# Brief:
Go to the line with "bespoke green kitchen" in the material below and copy from there through the line with "Cypress tree legislation", exactly. Pictures are not copied.

# Material to process:
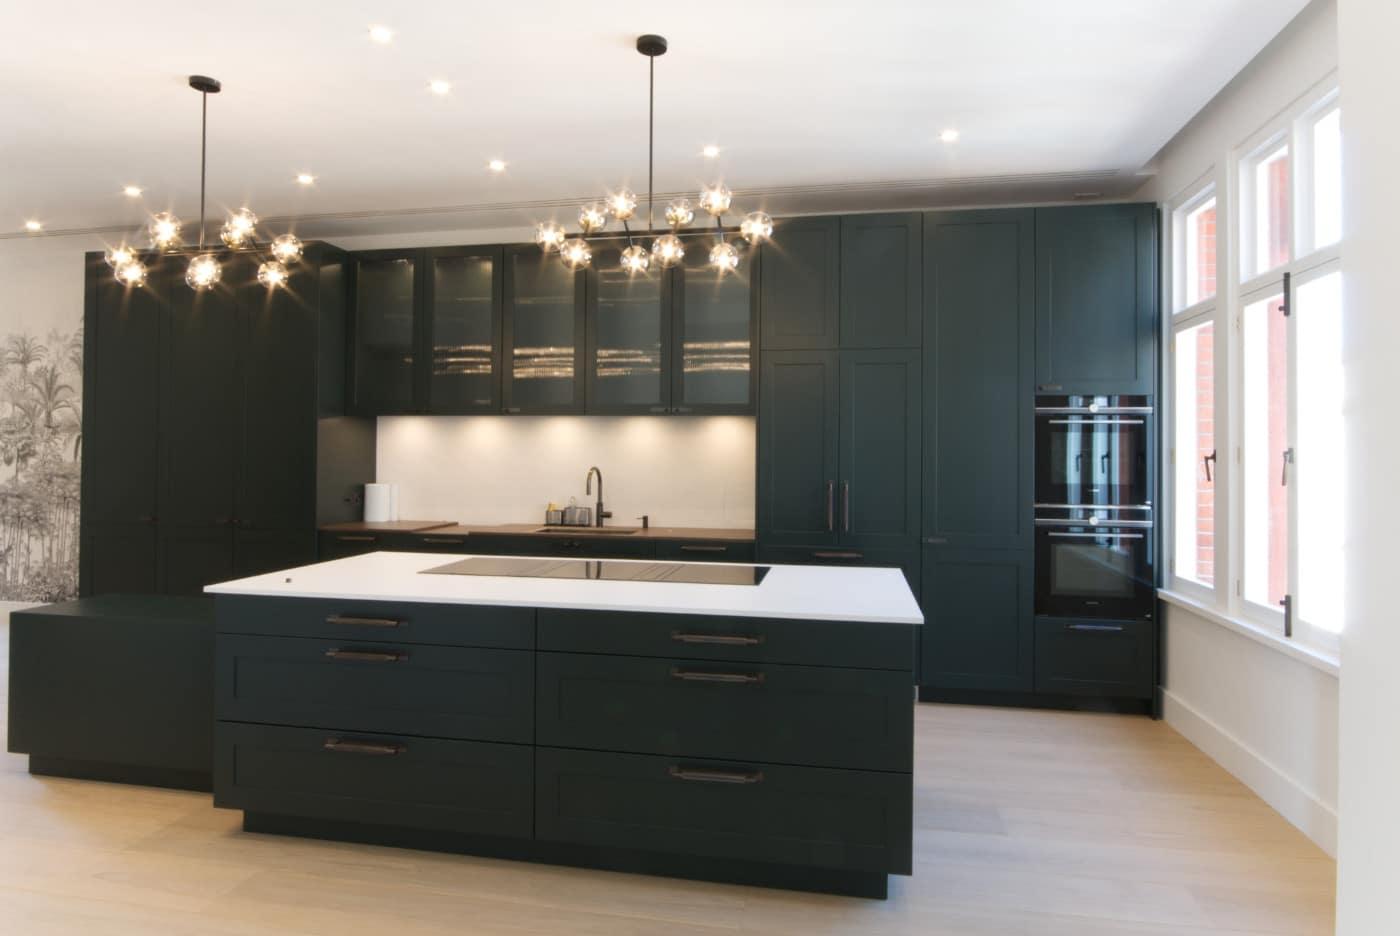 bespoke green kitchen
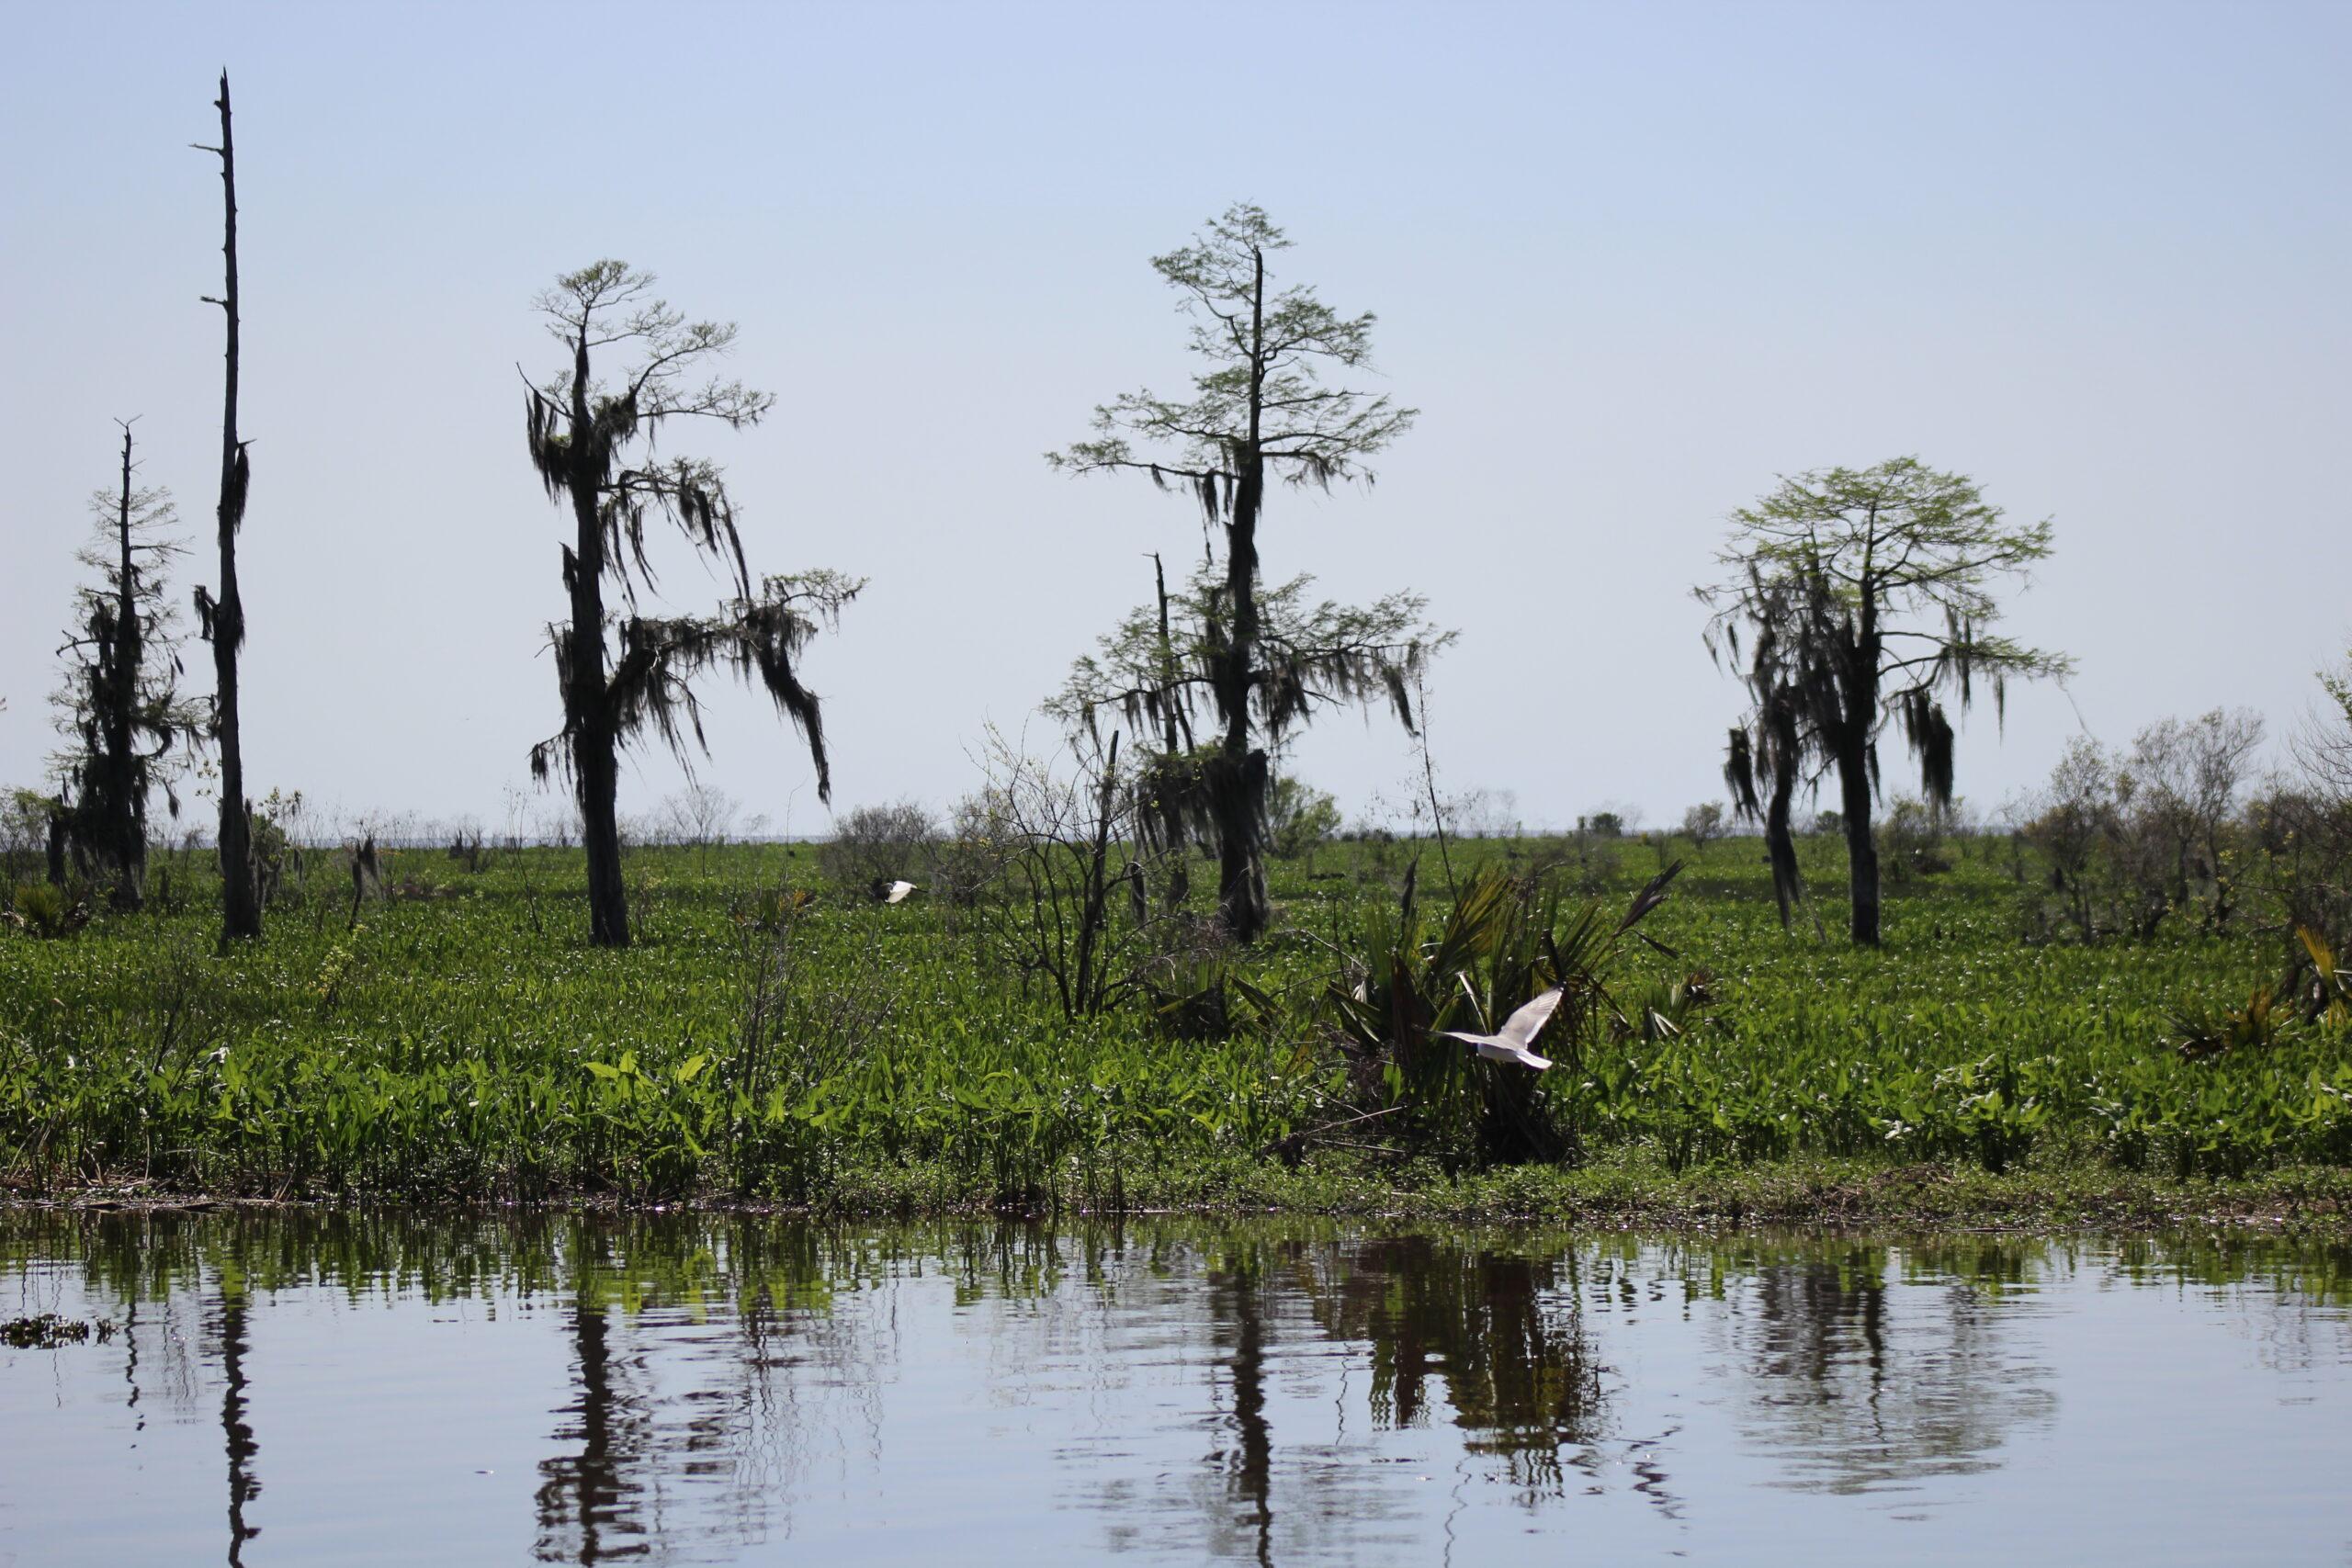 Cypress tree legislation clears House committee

==

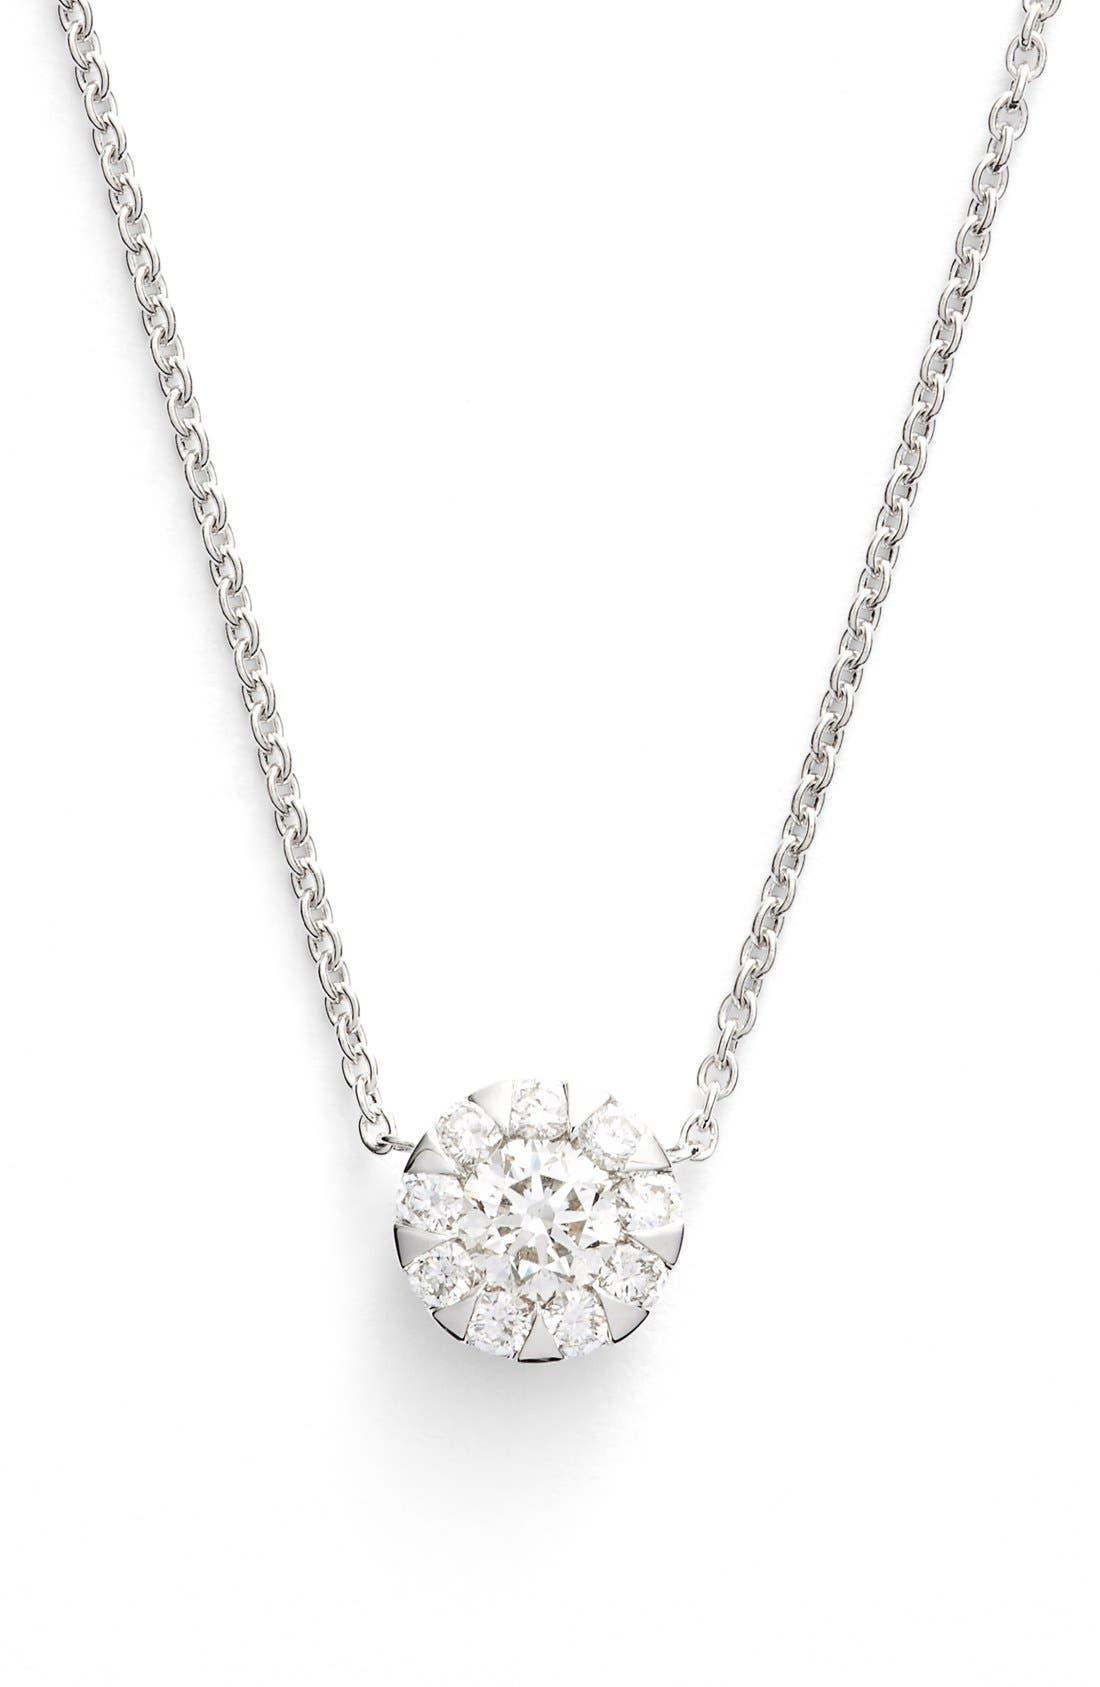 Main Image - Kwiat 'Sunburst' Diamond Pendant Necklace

# Written solution:
 bespoke green kitchen
 Cypress tree legislation clears House committee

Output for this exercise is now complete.